He is, in short, a first class storyteller. You can positively feel his enjoyment in creating and layering the narrative, playing with the reader’s expectations, then pulling the rug from under them, and that enjoyment is infectious. As a result, reading Knights Of The Borrowed Dark is enormous fun. It’s like Harry Potter with flair.

Tuesday, 5 July 2016

Sleep-Walking In Bangladesh

Just before she is due to set off for a dig in Pakistan, Zubaida, a Bangladeshi woman studying palaeontology in America, falls in love with a young American man she meets by chance at a concert. They spend almost every minute of those last few days together; then Zubaida sets off for Pakistan and gradually her life begins to unravel.
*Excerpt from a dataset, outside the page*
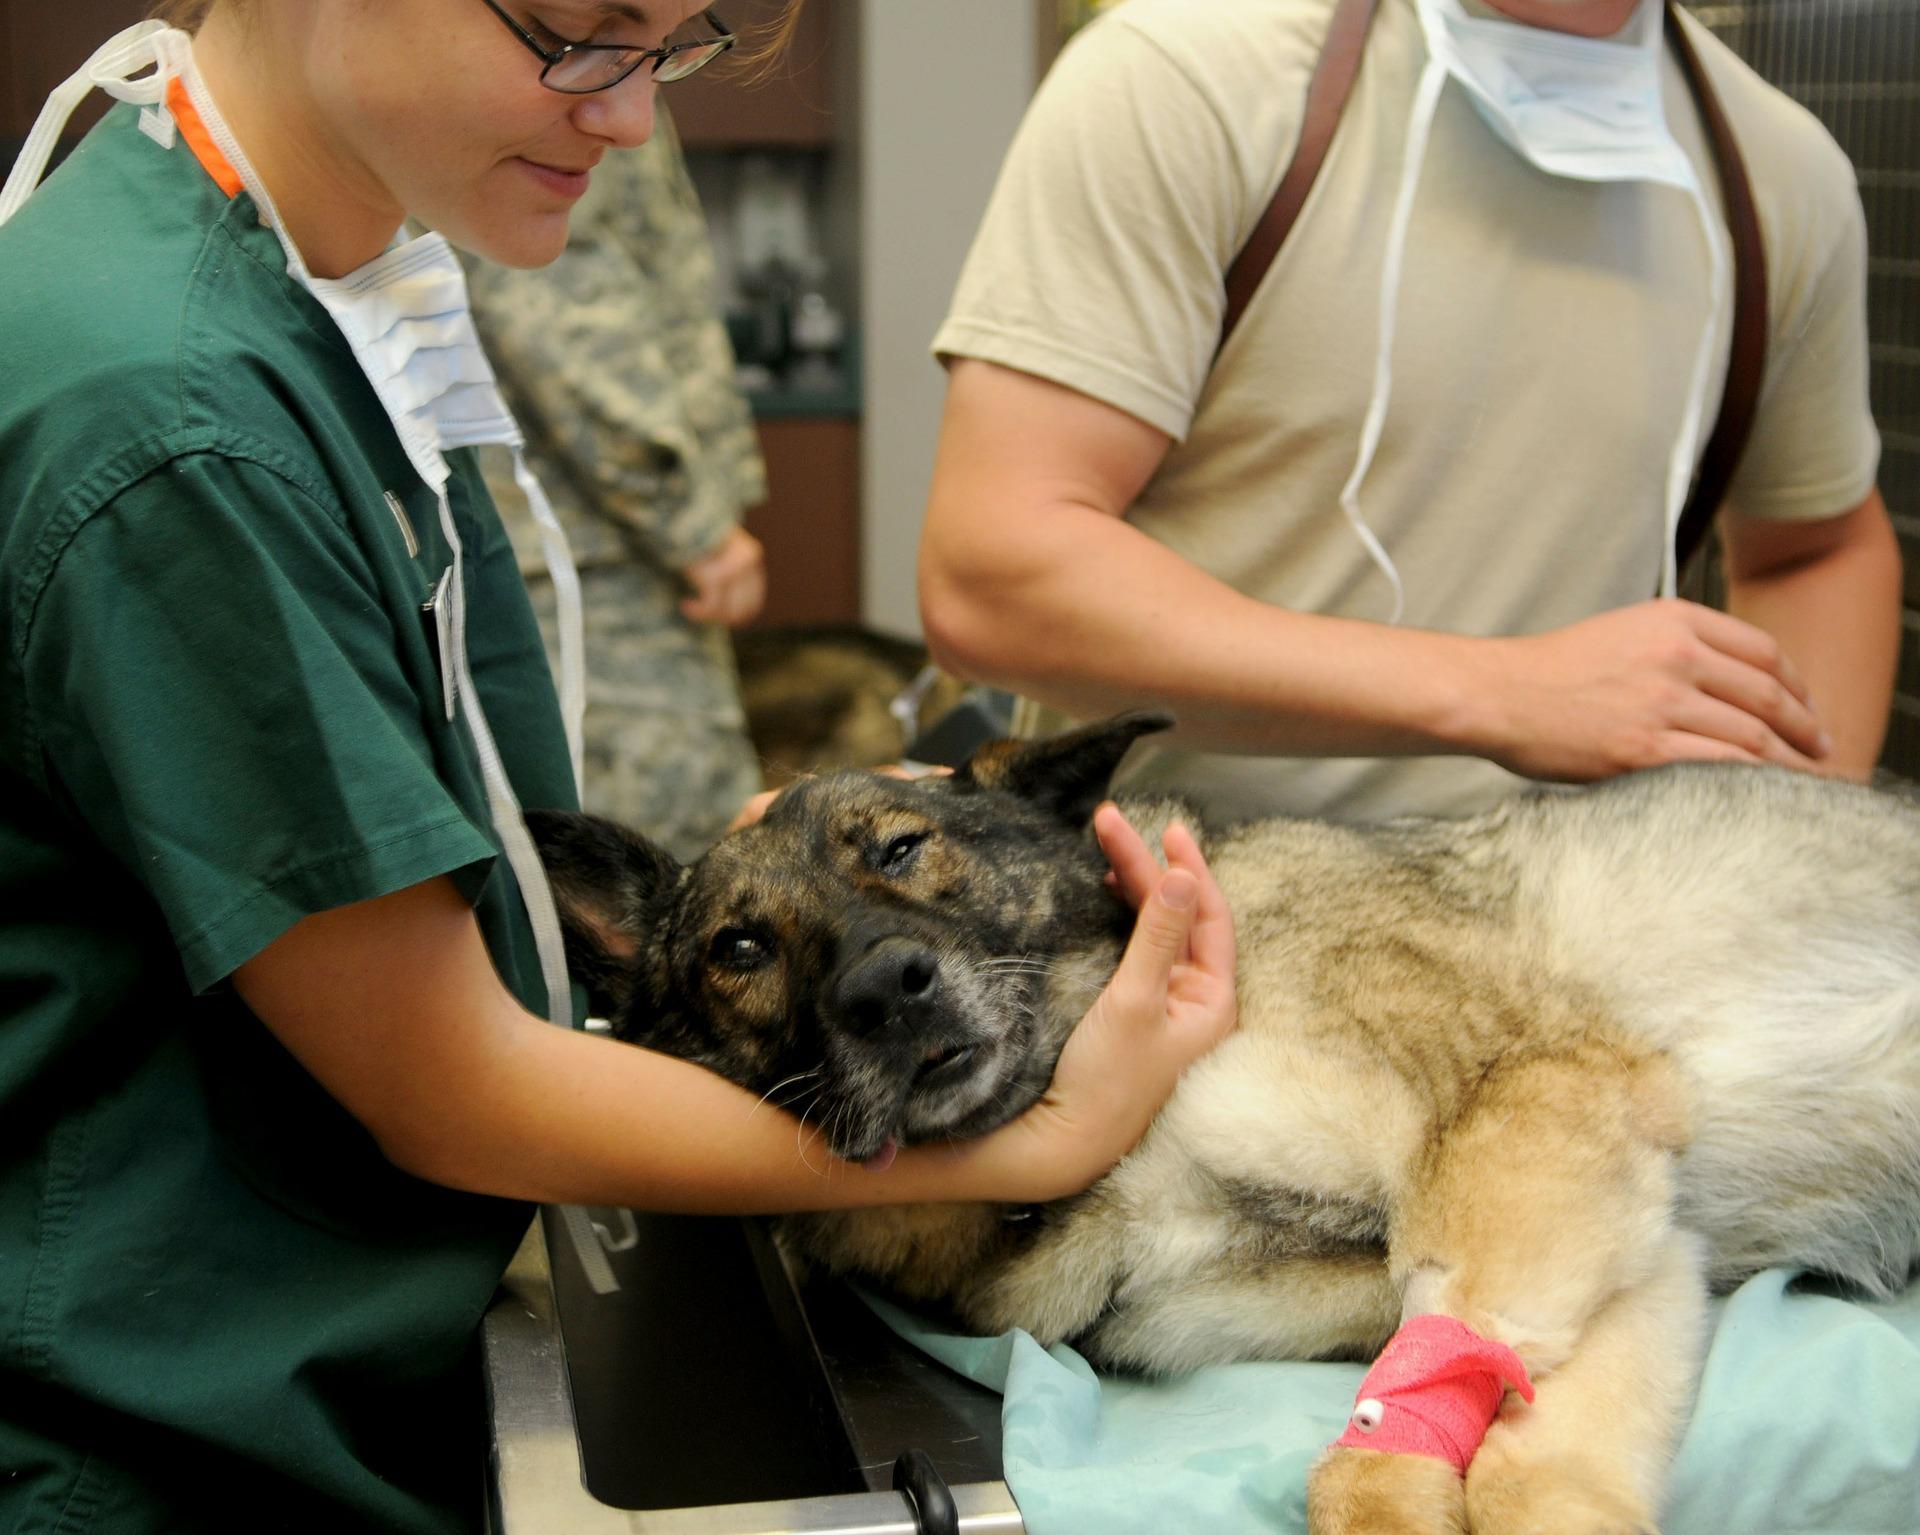 veterinary-85925_1920.jpg (520 KB)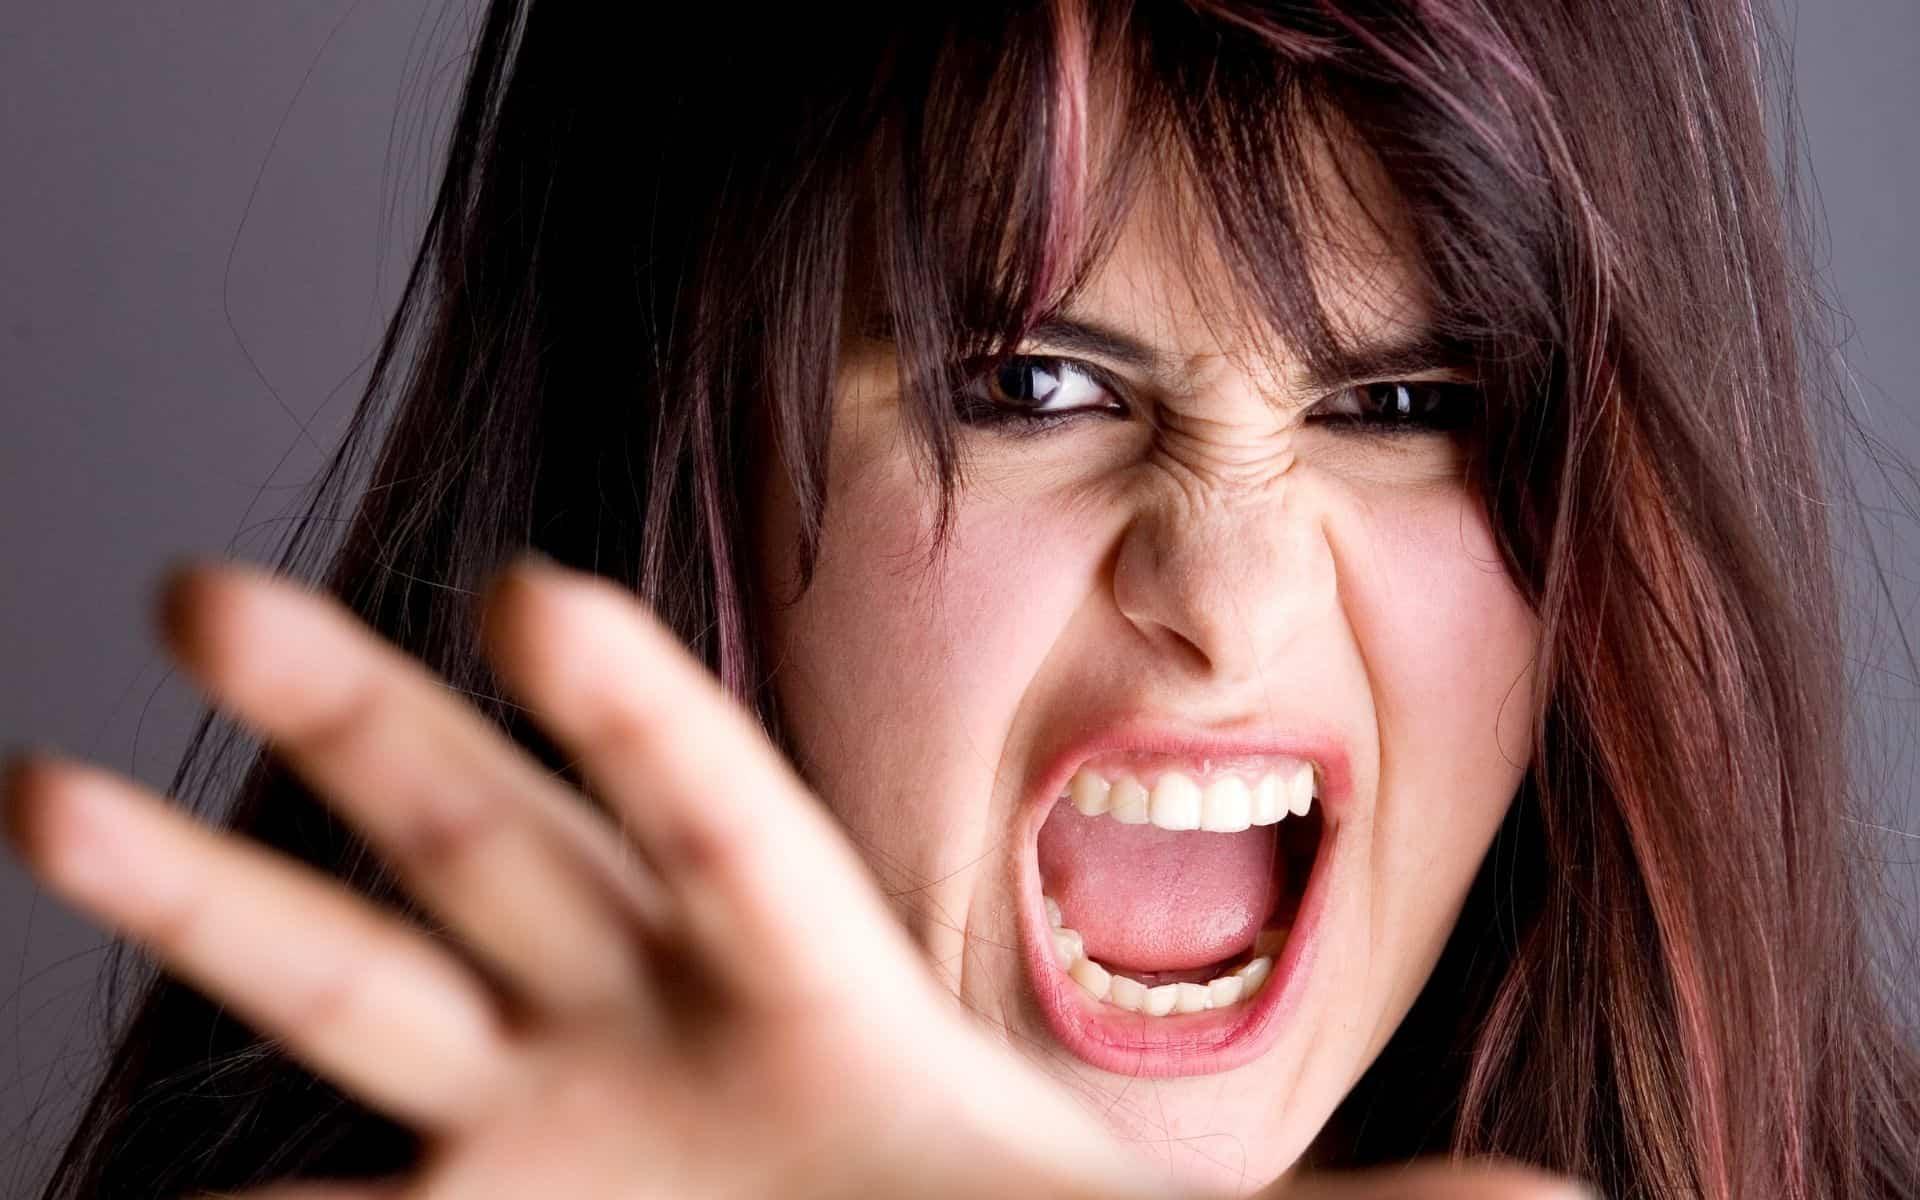 une femme dévastée par la colère

When the dig is closed down by the army she goes home to Bangladesh, to the parents who adopted her when she was a baby. In a vulnerable state she sleep-walks into the marriage her family have always planned for her. Unhappy and confused, she becomes obsessed with trying to trace her birth mother, a quest that sees her ill-fated marriage collapse as she struggles to re-make her identity.

There is some exquisite observational writing here that often forced me to slow down and take note. However, the effect of this is offset by the tone which is declamatory and sometimes feels over-blown, and by the looseness of the structure: there are so many different plot-strands that, at times, it feels like two or three novels bundled together.

Nevertheless, The Bones Of Grace is an intriguing novel, not least because it offers a glimpse into a world and an experience that is hugely under-represented. It’s the kind of novel that Reading Groups would enjoy. There is so much to talk about.

Wednesday, 29 June 2016

A Dysfunctional Family In The Process Of Kealing.

Carys Bray writes literary fiction about the kind of people that literary fiction often ignores. Her first novel featured a Mormon family falling apart at the seams; The Museum Of You is about twelve year old Clover who lives with her under-achieving father, a man who has been in emotional limbo since his wife, Becky, was killed in a road accident a few weeks after Clover’s birth.

Clover spends a lot of time with the elderly woman next door or down on her father’s allotment. Then a school visit to a museum and a chance encounter with a curator gives her the idea of creating a museum to her dead mother out of artefacts rescued from the vast pile of junk from her parents’ married life that her father has not got round to sorting out.

The trouble is, in the absence of any meaningful conversation with her father about what Becky was really like, Clover gets it all wrong and when she finally presents the resultant installation her father, it is a long way from being the nice surprise she had envisaged.

Perhaps that makes this book sound like a sombre read. Actually it’s more wistful than anything else, sometimes very funny, and ultimately uplifting. But what really makes the book work and what gives it the ring of truth is the relationship between Clover and her father. Carys Bray understands parenthood intimately, its joys and sorrows, its rewards and compromises. That knowledge finds its way into every page of this book and the result is a compelling portrait of a dysfunctional family in the process of healing.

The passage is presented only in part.